一人で夜中に歩いている流民の少女は、ひどく飢えているようだった。だから食料を与え、その対価として自分は彼女そのものを得た。もう一人の子供とて同じだ。余計なことを外で漏らさないように、後始末も忘れなかった。
あの少年だけは、彼女たちを埋める姿を目にしていたように見えたから、無理やり捕まえて、尋問にかけた。少年がこちらを見ていたと思ったのは、結局は勘違いだったようだが、苦痛から逃れるために命乞いをする姿が痛快で、ついやり過ぎてしまった。
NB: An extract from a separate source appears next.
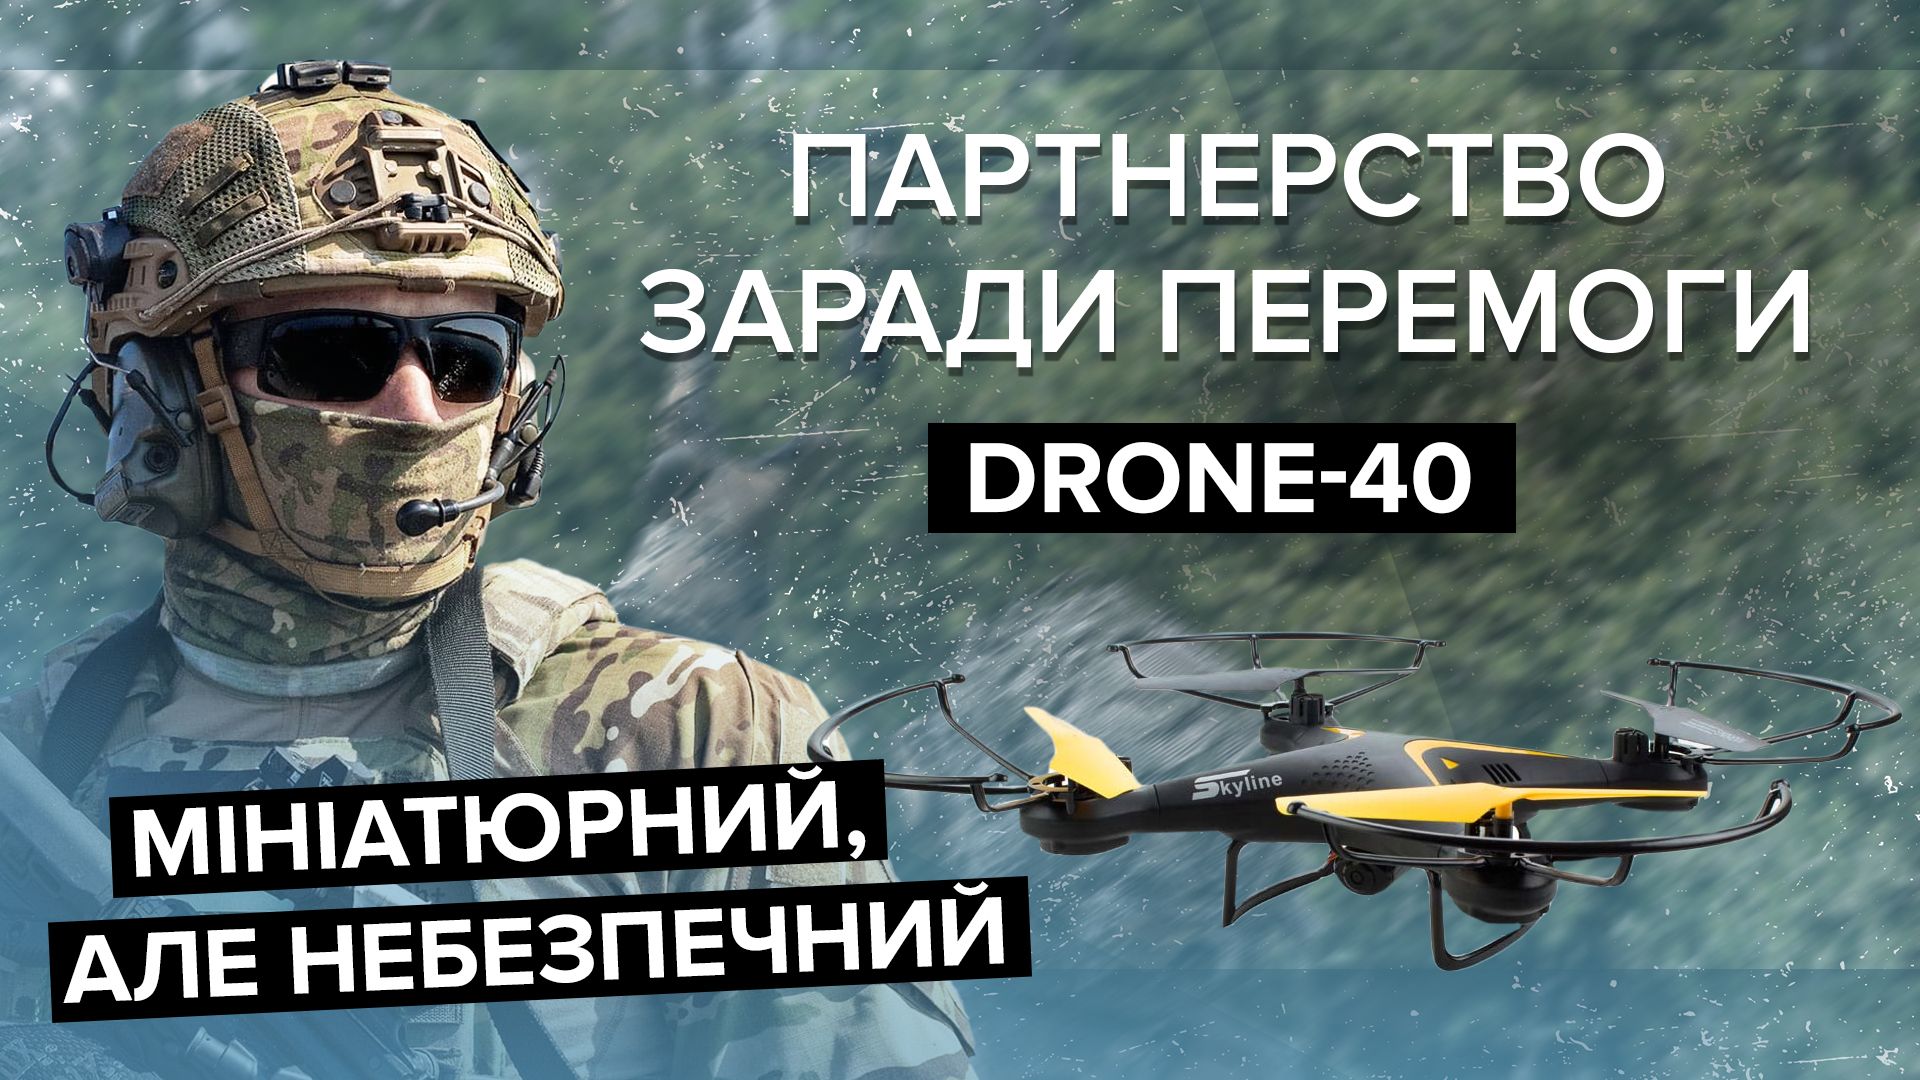 DefendTex Drone-40 – огляд та технічні характеристики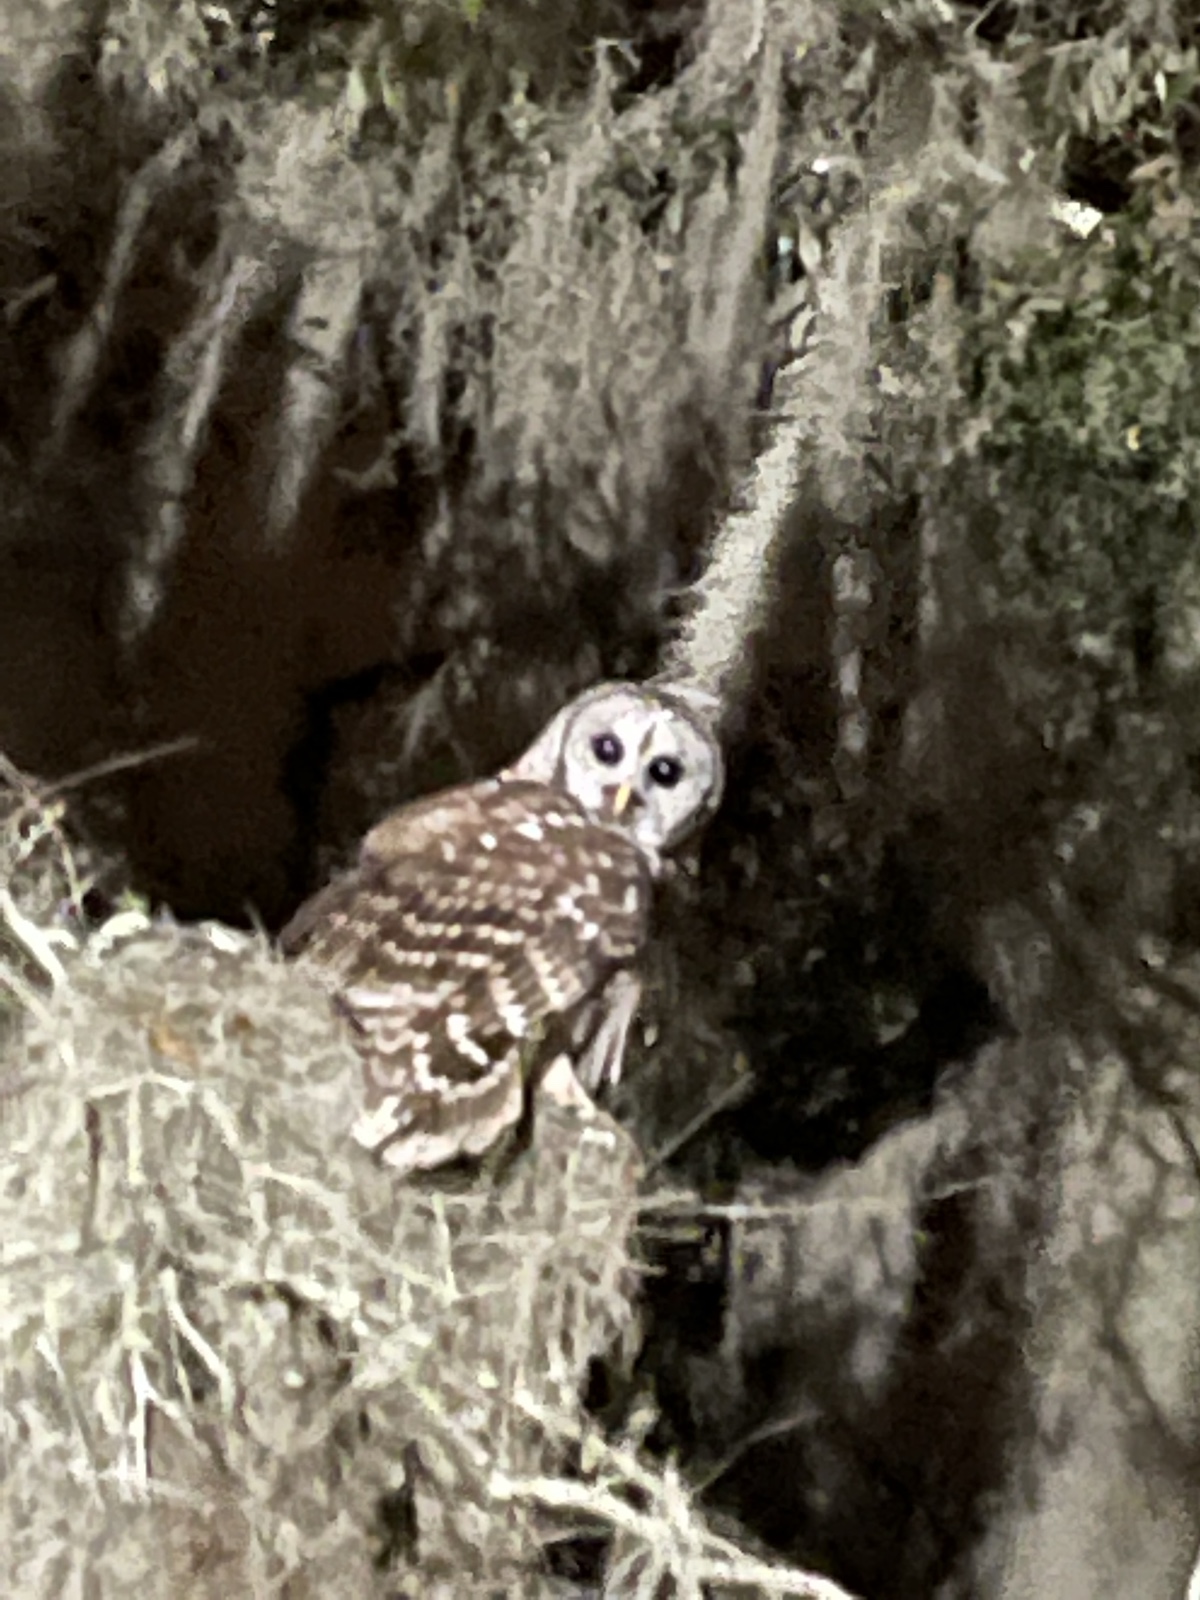 Barred owl in the oaks in Ocala

とはいえ、結局は『それだけ』だ。流れ者の子供が、一人や二人消えたところで、町民の誰も気にしていなかったではないか。
だったら、やっぱりこの男は狂っている。なぜ、こんな狂った男の手で、殺されなくてはいけないのか。
親しい者は傍に誰もおらず、ただ氷の如く冷たい目をした男だけが、ハンフリーの最期を看取る者としてそこにいた。
そのような凍てついた眼差しを浴びながら、命を終える。それこそが一つの恐怖であると自覚する前に、ハンフリーの心臓は最期の鼓動をひとつ打った後に、停止した。